Encode-Repair documentation Contained in the Encode-Repair distribution.

Index


Code Index:

NAME

Top

Encode::Repair - Repair wrongly encoded text strings

SYNOPSIS

Top

    # Simple usage
    use Encode::Repair qw(repair_double);
    binmode STDOUT, ':encoding(UTF-8)';

    # prints: small ae: ä
    print repair_double("small ae: \xc3\x83\xc2\xa4\n");

    # prints: beta: β
    print repair_double("beta: \xc4\xaa\xc2\xb2\n", {via => 'Latin-7'});




    # Advanced usage
    # assumes you have a sample text both correctly decoded in a
    # character string, and as a wrongly encoded buffer

    use Encode::Repair qw(repair_encoding learn_recoding);
    use charnames qw(:full);
    binmode STDOUT, ':encoding(UTF-8)';

    my $recoding_pattern  = learn_recoding(
        from        => "beta: \xc4\xaa\xc2\xb2",
        to          => "beta: \N{GREEK SMALL LETTER BETA}",
        encodings   => ['UTF-8', 'Latin-1', 'Latin-7'],
    );
    if ($recoding_pattern) {
        my $mojibake = "\304\252\302\273\304\252\302\261\304\252\302"
                    ."\274\304\252\342\200\234\304\252\302\261";
        print repair_encoding($mojibake, $recoding_pattern), "\n";
    } else {
        print "Sorry, could not help you :-(\n";
    }




DESCRIPTION

Top

Sometimes software or humans mess up the character encoding of text.
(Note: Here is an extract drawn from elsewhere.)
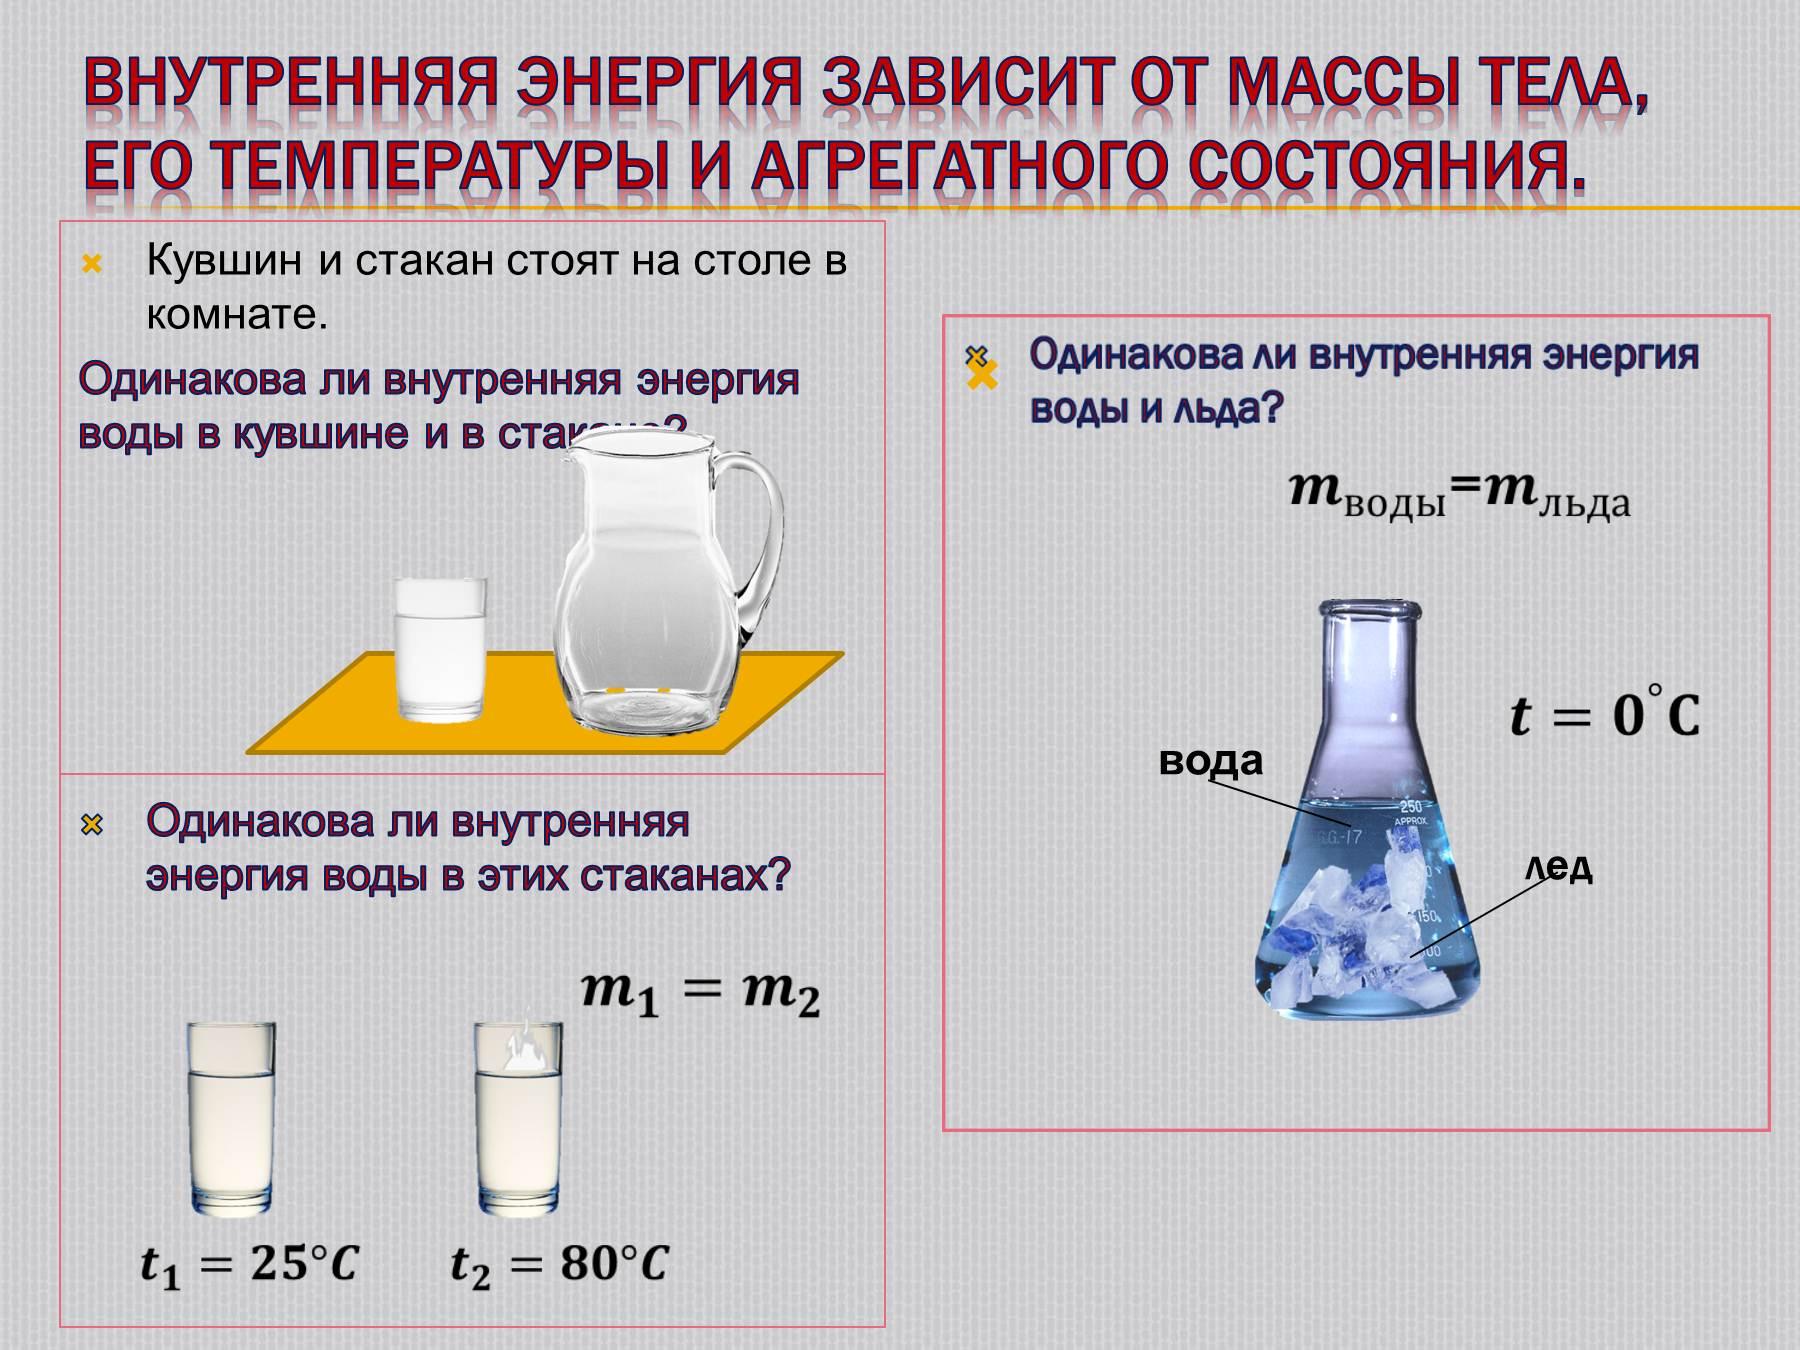 Чему будет равна температура системы в состоянии теплового равновесия
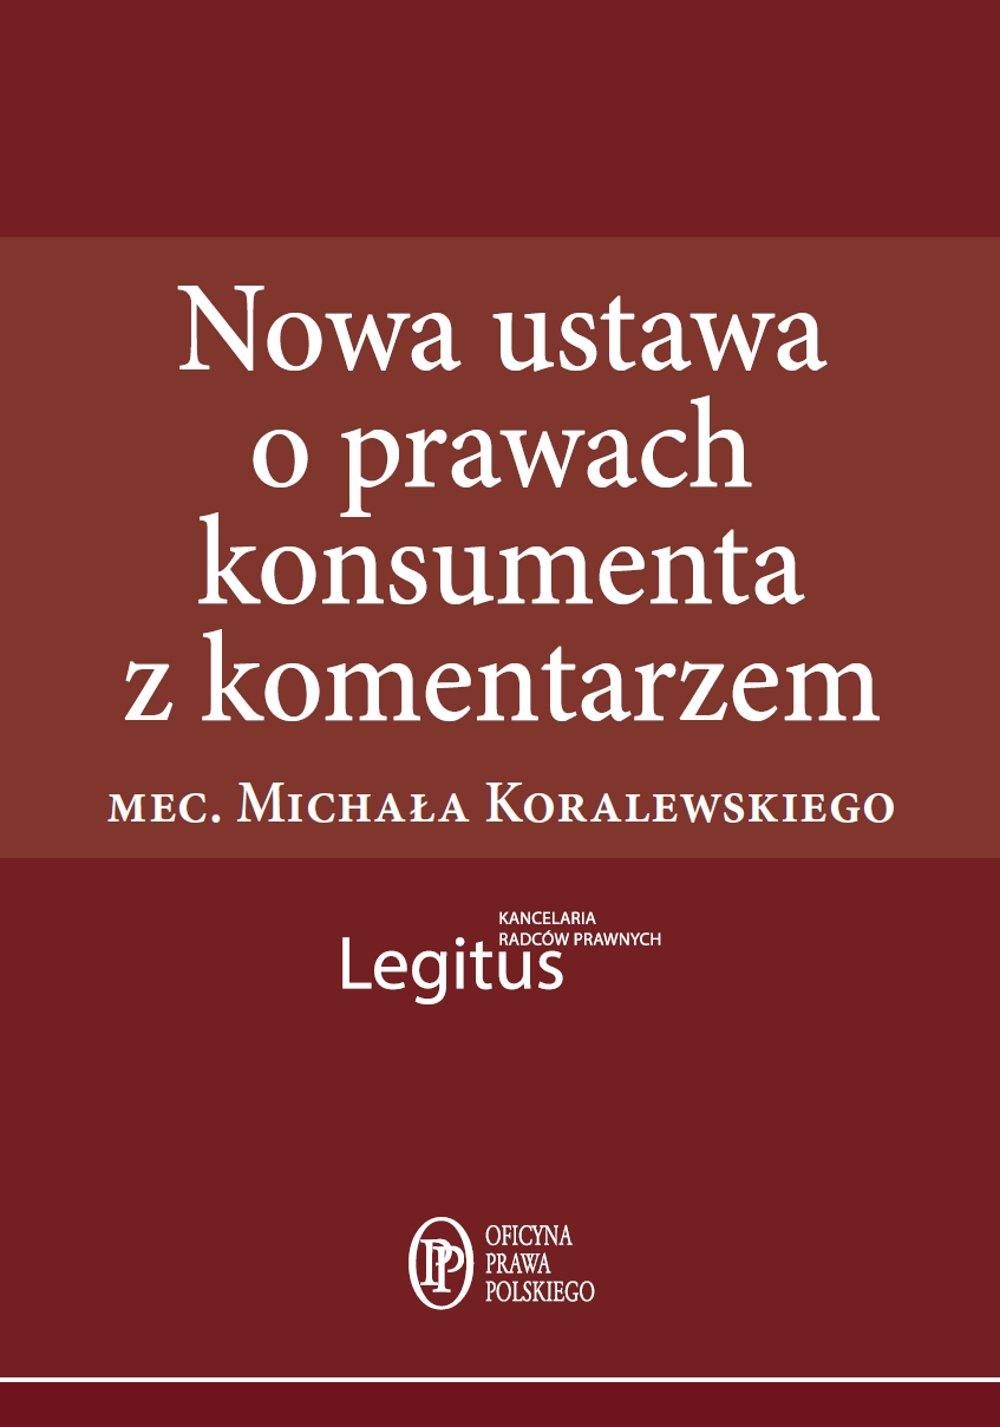 Nowa ustawa o prawach konsumenta z komentarzem - Ebook (Książka na Kindle) do pobrania w formacie MOBI

In some cases it is possible to reconstruct the original text. This module helps you to do it.

It covers the rather common case that a program assumes a wrong character encoding on reading some input, and converts it to Mojibake (see http://en.wikipedia.org/wiki/Mojibake).

If you use this module on a regular basis, it most likely indicates that something is wrong in your processs. It should only be used for one-time tasks such as migrating a database to a new system.

FUNCTIONS

Top

repair_double

Repairs the common case when a UTF-8 string was read as another encoding, and was encoded as UTF-8 again. The other encoding defaults to ISO-8859-1 aka Latin-1, and can be overridden with the via option:

    my $repaired = repair_double($buffer, {via => 'ISO-8859-2' });

It expects an octet string as input, and returns a decoded character string.

learn_recoding

Given a sample of text twice, once correctly decoded and once mistreated, attemps to find a sequence of encoding and decoding that turns the mistreated text into the correct form.

    my $coding_pattern = learn_recoding(
        from        => $mistreated_buffer,
        to          => $correct_string,
        encodings   => \@involved_encodings,
        depth       => 5,
        search      => 'first',
    );

encodings should be an array reference containing all the character encodings involved in the process that messes up the encoding. If you don't know these, try it with UTF-8, ISO-8859-1 and the encoding that your system uses by default.

depth is the maximal number of encoding and decoding steps to be tried. For example repair_double needs three steps. Defaults to 5; higher values might slow down the program significantly, although smaller depths are tried first.

The return value is undef on failure, and an array reference otherwise. It returns the encoding/decoding steps suitable for feeding into repair_encoding. It contains a list of even size, where elements with even indexes are either 'encode' or 'decode', and those with odd indexes contain the name of the encoding.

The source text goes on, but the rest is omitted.